The girls overcome their shyness in the company of each other. There is always one best friend who dares a little more, who is more determined, who persuades the others to go along. The plenitude of female characters becomes overwhelming. Yet each is treated in image and text as individuality, each unfolds her particualr charm. There is no star among ugly ducklings - they are all perfect in their own way. And so there is hardly any envy among them. They graciously admire each other's beauty. They are united by desire and by the wish to be desired.


Beginning in 1971 the drawings show surrealistic elements, enlarged shadows, arrows, contours, thus providing the images with a psychodelic-surrealistic element.
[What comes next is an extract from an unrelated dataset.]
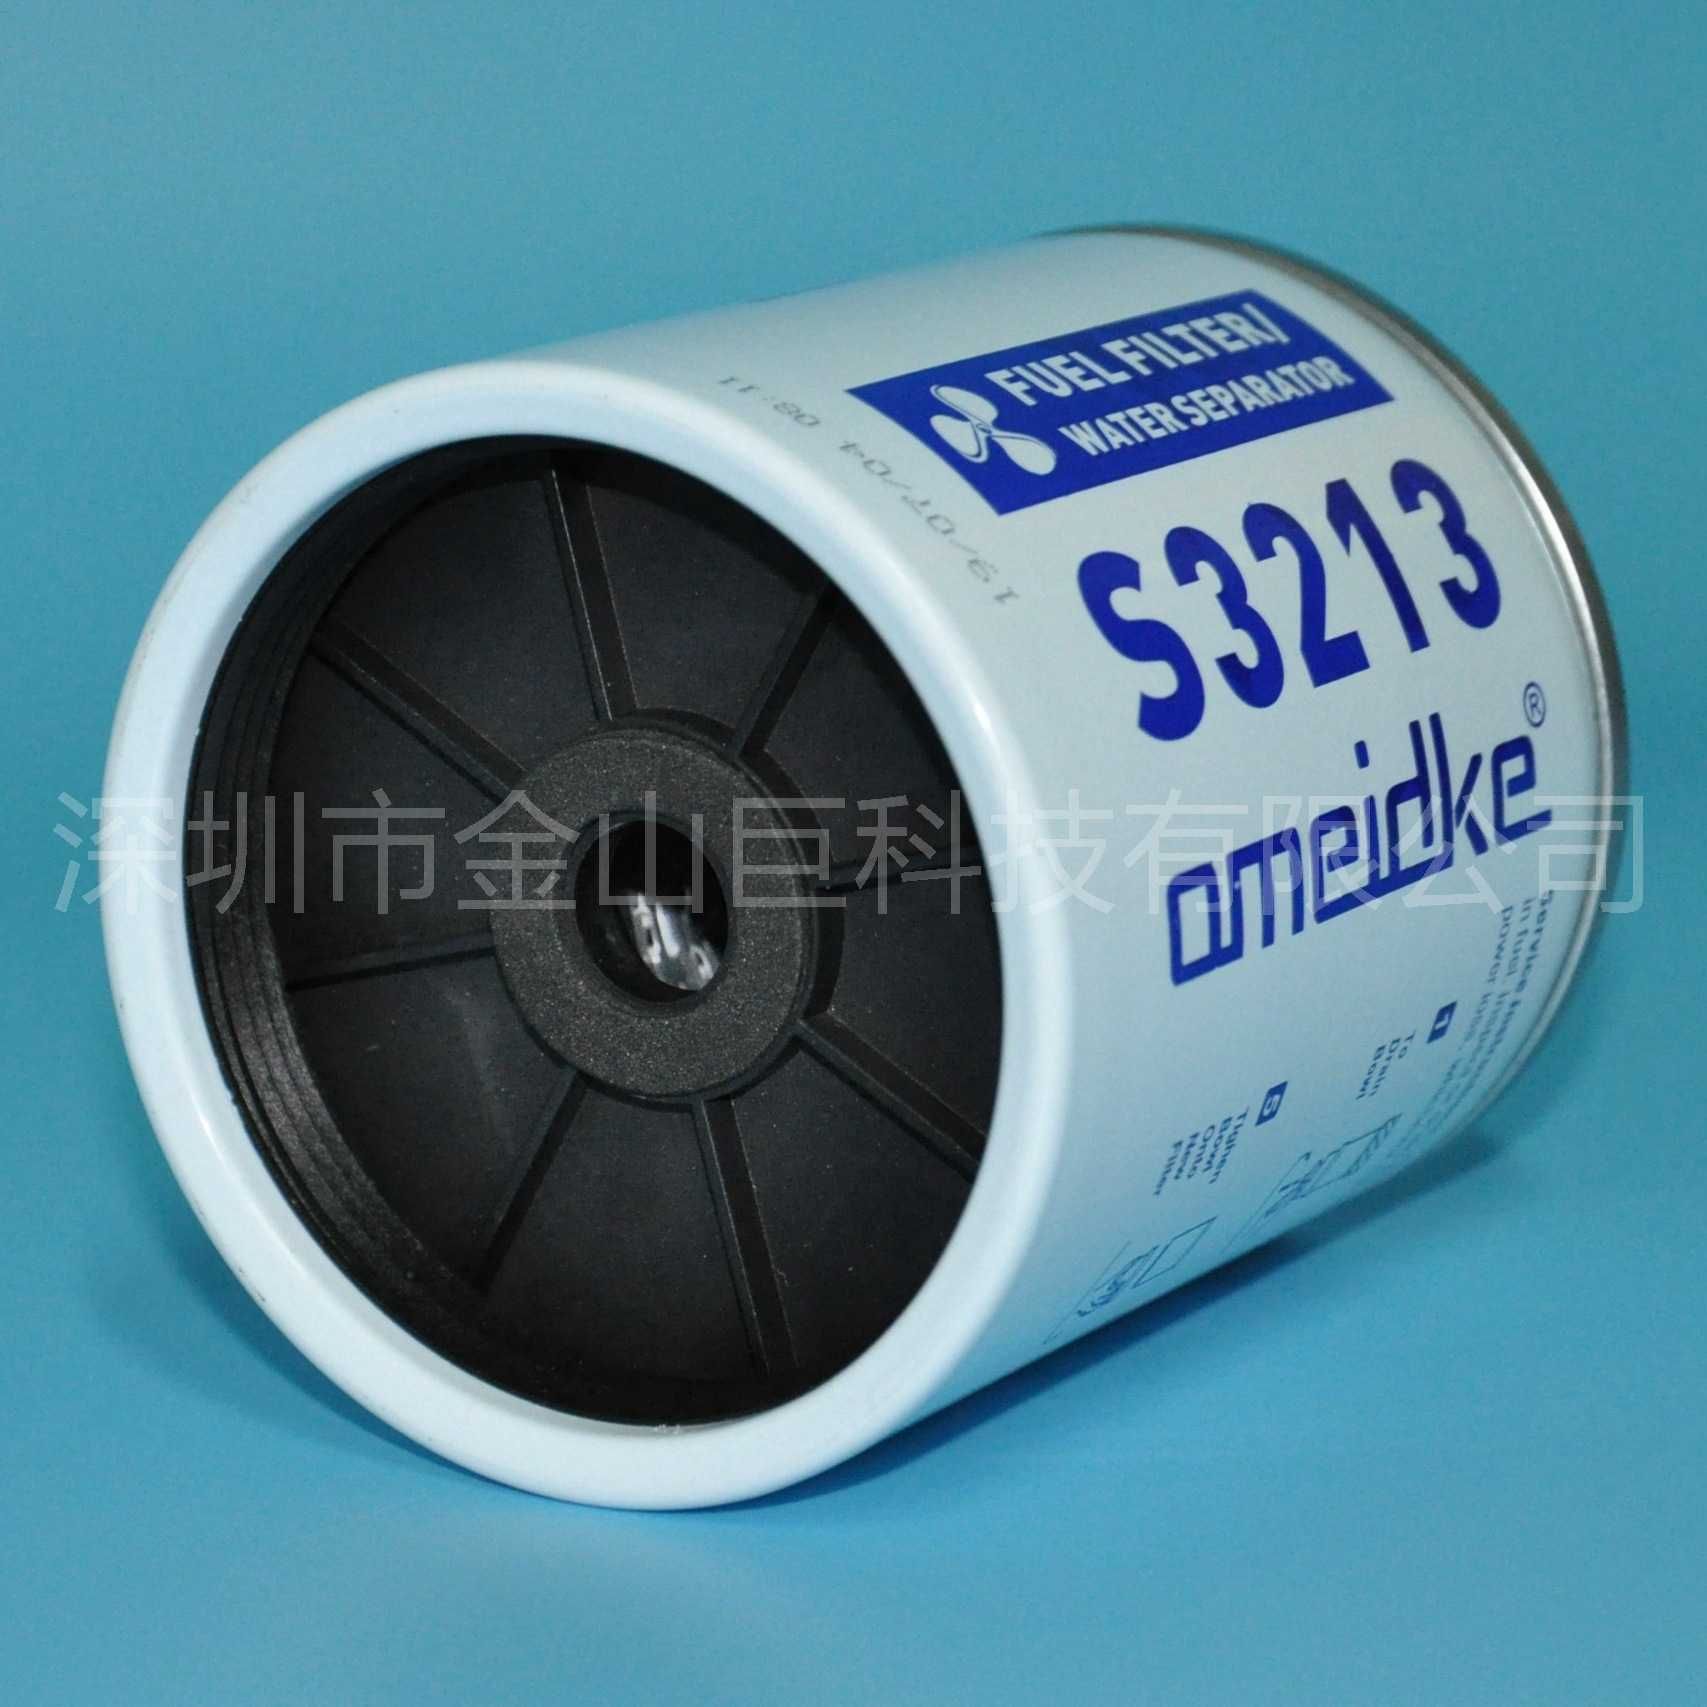 Фильтр для топливного сепаратора S3213, грязе-водоотделитель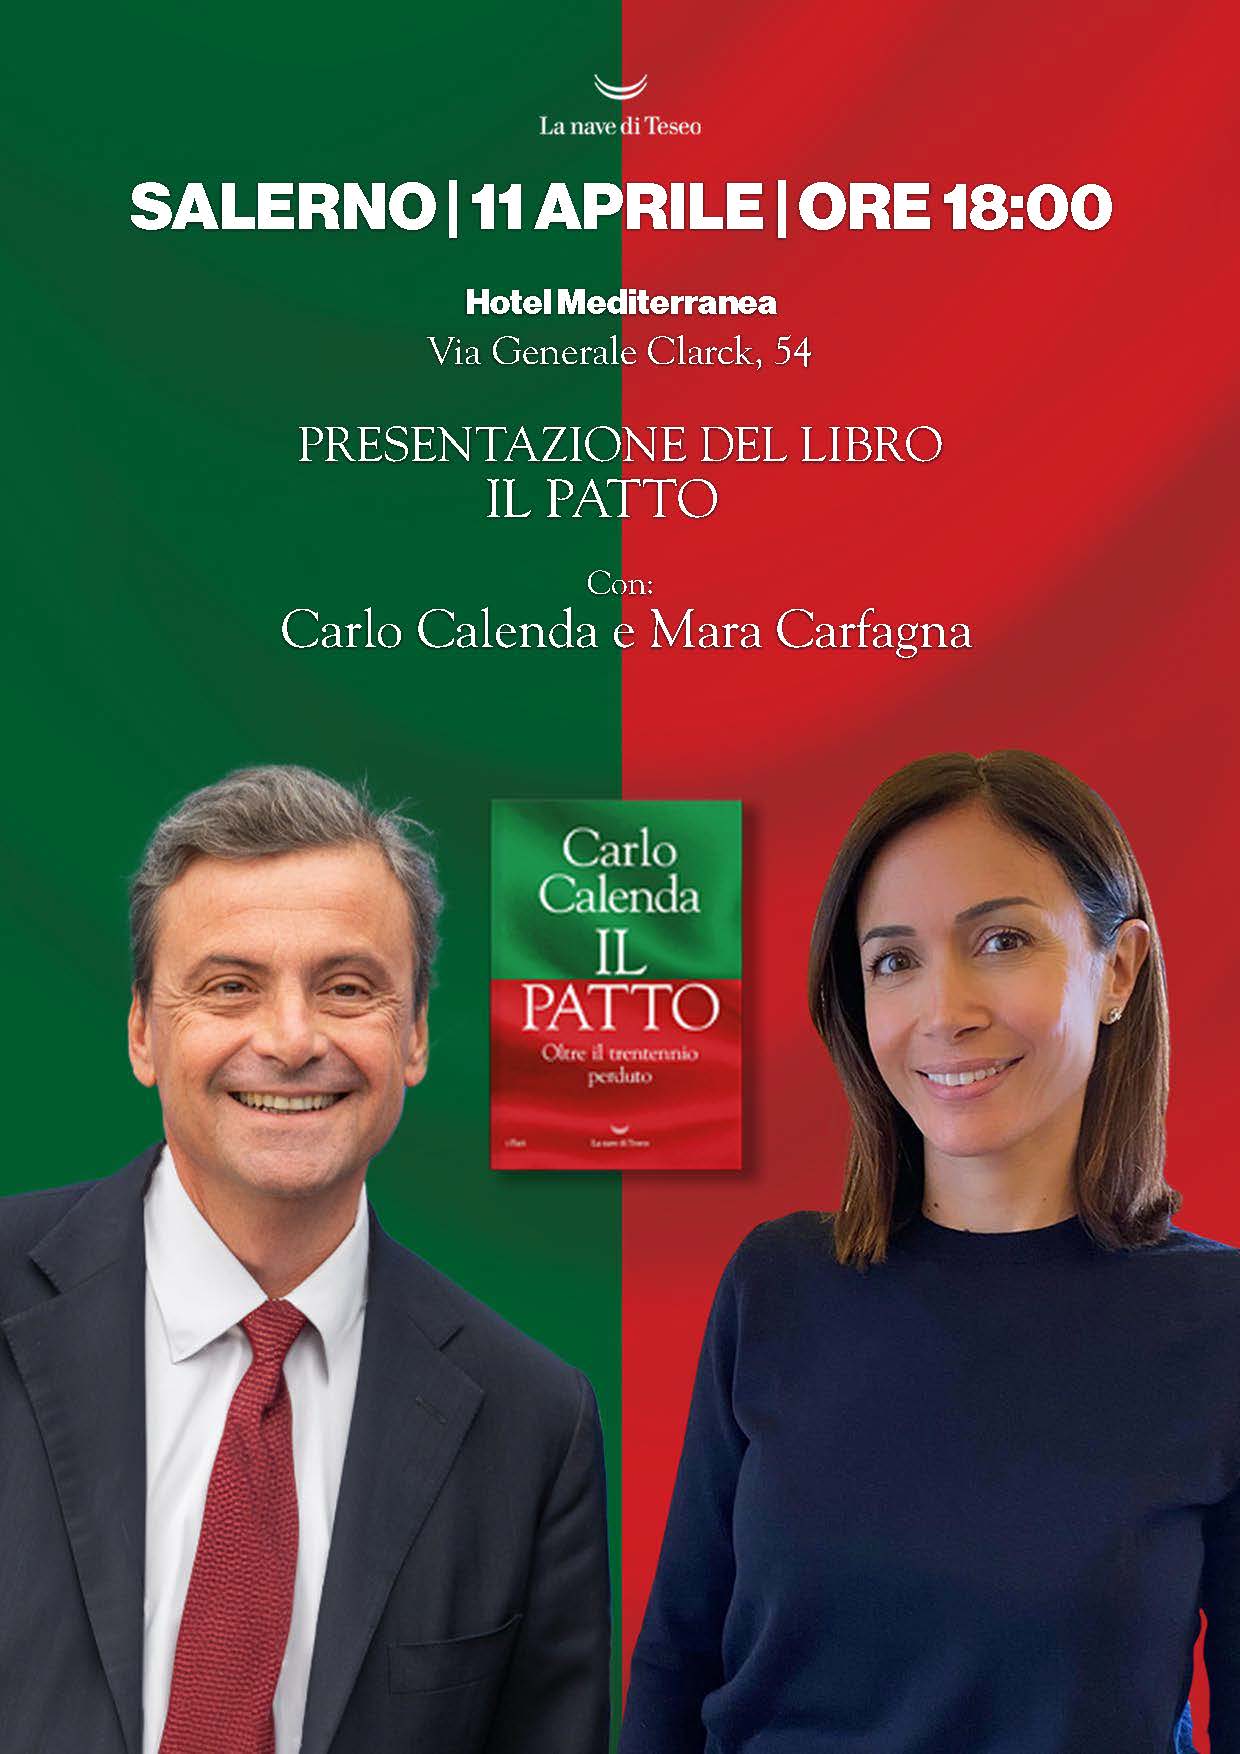 Salerno: Azione, incontro con Carlo Calenda e Mara Carfagna

At the same time the mature, self-confident woman comes to the fore, mostly as teacher. Although she does not push aside the young girlfriends, she still sees herself as serious rival for the favour of her attractive lover. She knows what she wants and moreover, she knows her qualities.


The young artists gradually gains self-assurance and reveals himself on the drawings as painter of nudes. In a seven-day cycle in 1972 a different girl poses for him every day of the week: on Monday Rosa (17 years), on Tuesday Svetlana (24), on Wednesday Mila (15), on Thursday Olya (16), on Friday Nastya (15), on Saturday Tatyana Viktorovna (35 ) and on Sunday Elena Vladimirovna (38) with Lenochka (16). On the Thursday sheet of paper we see the artist's hands appear at the border of the paper. Of course each of the ladies would love to come back the next day, but unfortunately this is not possible! Every day of the week is occupied! ( the artist certainly does not let anyone know about this.) And so each woman is asked to come back on "her" day the following week.

Thursday (fragment); from the series "Monday, Tuesday, Wednesday, Thursday, Friday, Saturday, Sunday."


The last drawings show an increasing complexity of the composition of figures (9 persons and more), and the texts become longer and longer. Infact only the number of girls varies (but they still remain individual). The boy - if he appears at all - is always the same: the adored darling of the women. One main reason for their adoration is his artistic talent.

Here is the dialogue of one of the last scenes from 1973:

The two girls (3, 4) arrange a date with the boy (1) on the telephone:

(4) Hi, we will come and see you this evening (1) When? (4) Around six o'clock (1) Sorry, I still have to do physics and chemistry, and afterwards I want to draw. (3) Darling (pushes away her friend from the receiver ...) (4) (her friend also pushes her away): No way. We will draw together. (1) All right. When? (4) Let's say nine o'clock? (1) O.K. (4) So that's fine for you? (1) Sure (3,4) full of expectation they put down the receiver and pour from a second bottle of champaign ...

Now the two discuss in great detail how to present themselves at the date:

(4) Do you think I should put on my petticoat? (3) Why not (4) Which one? (3) Maybe the pink one (4) The one with the laces? (3) Of course (4) The one from our shop or the one from France? (3) I'ld say the French (4) Are you sure? (3) Quite sure (4) But he is going to draw it (3) Oh yes, I forgot .... maybe ours would be better. Let's have a drink. (4) Sure ... the one which is transparent I'ld think (3) Definitely! the most transparent of all!

This is followed by a discussion of stockings,suspenders, bras, slips, pearl necklaces and all the rest - each item is treated with great care. The girls turn round, they adjust, they doubt, does it look good, is it better this way or the other, and they assure each other over and over again that he will enjoy it.

The taxi-driver who takes them to the date deeply envies the happy young man who awaits them.